Литмир - Электронная Библиотека

После войны окончил механический техникум и уехал из Ленинграда в Среднюю Азию на строительство дороги в горах. Ехать ему было все равно куда. Семьи не было. Отец умер в госпитале в сорок третьем где-то на Урале, а мать и сестренки погибли в первую блокадную зиму в Ленинграде. Он один как перст. Тогда, правда, еще оставалась в живых тетка по материнской линии. От нее-то и узнал о судьбе своих. Тетка пережила две блокадные зимы и видела такое, что от ее рассказов даже у Олега, встречавшего на войне всякое, темнело в глазах.

А теперь нет уже и тетки.

Проработал год механиком дорожных машин. Рядом искали газ и нефть геологи — большое дело затевалось, и Олег ушел к ним тоже механиком, только по буровому оборудованию. Ушел потому, что работа у геологов была веселее. На следующий год он поступил на заочный, в политехнический институт. И еще четыре года работы и учебы. За это время он продвинулся по службе. У него уже была инженерная должность, больше сотни людей «под началом», несколько техников и инженеров. И все же ему вдруг стало не по себе, он словно уперся в стену и шел вдоль нее, а ему нужно было перескочить и идти прямо. Начал обрастать бытом: ему дали комнату, дело оставалось за женитьбой, она тоже могла состояться. Сколько же можно тянуть — уже тридцать…

Но Олег забастовал. Ему надоела до чертиков бродячая полевая жизнь, потянуло в большой город, на люди. Еле дождался зимней сессии, взял отпуск и уехал в Ленинград.

С направлениями на сдачу экзаменов как угорелый носился по бесконечным коридорам института, завел друзей.

Прожил в студенческом общежитии две недели, сдал больше десятка зачетов и экзаменов, курсовых и лабораторных и понял, что если он хочет стать мало-мальски грамотным специалистом, то последние два года должен доучиться в институте очно. Ему хоть немного надо спокойно посидеть за книгами…

Эти два года в институте стали лучшими в его жизни. Было так хорошо, что почти не вспоминалась война, даже перестали сниться сны-кошмары, где в него стреляли, травили собаками, где он умирал и никак не мог умереть. С его души словно спадал панцирь, каким она обросла в войну и какой, наверное, помог Олегу выжить. Он долго носил его, привык и думал, что это навсегда, а тут уже почти через десять лет после войны вдруг спало с него, все развязалось в нем, освободилось, и он ощутил себя другим, каким еще не знал.

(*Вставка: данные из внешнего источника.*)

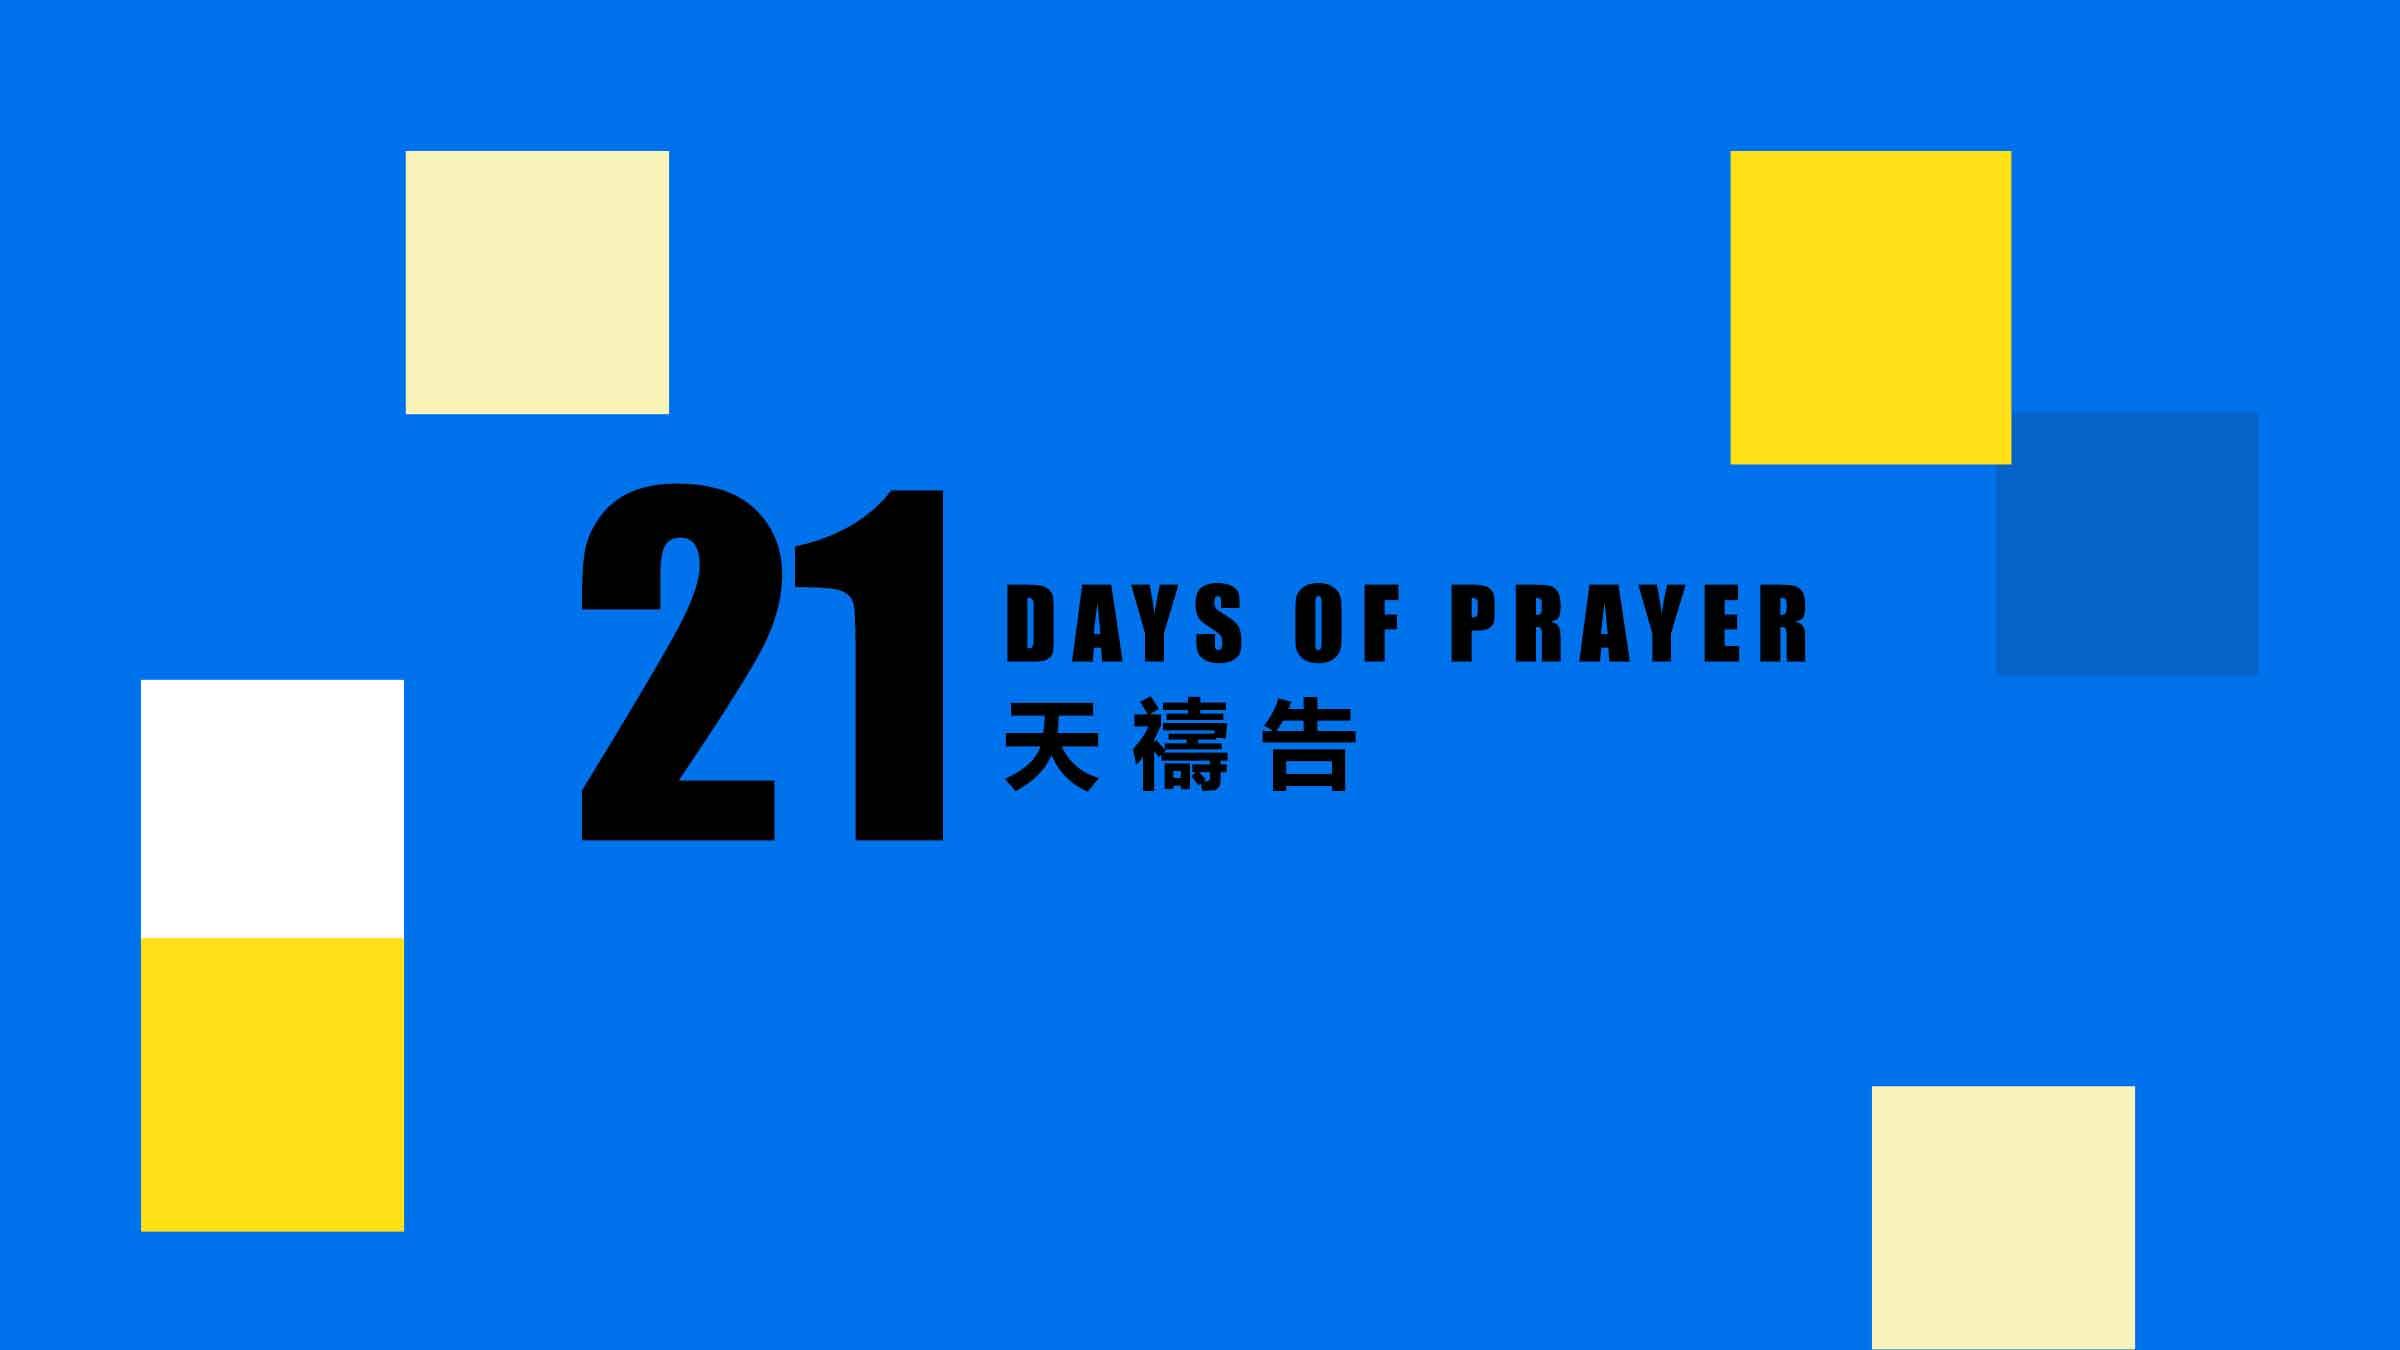 21-Days-of-Prayer-2021-Aug---Title

Может, все это произошло от встречи с Раей, с ее черными тревожными глазами, опалившими его. Все занялось пожаром, это была даже не любовь, а угар какой-то. То, что сдерживал в себе, отодвигал в дальние уголки, во что уже не верил, вдруг выплеснулось. Он словно заново родился, в нем столько нетронутого, столько нерастраченного чувства, что его должно хватить до конца жизни.

4

Заставлял себя не думать, ходил вокруг да около и вышел прямо на свою семейную жизнь. Дети. Да, это они не дают ему оторваться и уйти из той прожитой жизни, они его держат там. Жена бунтовала: «Сделал из меня домработницу. Кухня, пеленки, поликлиника, аптека». А он, как нарочно, связался еще с аспирантурой. Видно, тогда-то и оборвалось что-то в их семейной жизни. А может, и не тогда…

Как только девчонки поднялись, он стал уходить в экспедиции. Материально жили лучше, а лада в семье так и не прибавилось. «А где он есть, этот лад?» — часто спрашивал себя Лозневой.

Жена после его долгих отлучек устраивала ему, как он выражался, «варфоломеевскую ночь», тихо плакала: «…не могу я так, не могу» — или зло, чужим голосом кричала: «…не приезжай совсем, я буду знать… у меня же нет своей жизни… ты все выжег…» У Олега неожиданно холодело сердце, и его охватывала такая смертная тоска, что в нем все замирало, и он уже начинал жалеть, почему столько раз умирал и живет до сих пор. И только дети, его благословенный родной островок, возвращали к жизни.

Но было и по-другому. На упреки жены, что у нее нет жизни, Олег сам выкрикивал какие-то деревянные слова: «А у меня она есть? У меня что там, курорт?» Он лихорадочно искал слова побольней, чтобы сразу подавить ее, заставить замолчать, и почти всегда находил их. Его словно кто за язык дергал, выбирал слова пообиднее и умолкал только тогда, когда Рая была повержена. Лозневой заставил себя вспомнить постыдную сцену в одной из таких ссор, когда он ледяным голосом сказал: «Пора бы уже больше думать о жизни детей, а не о своей личной…»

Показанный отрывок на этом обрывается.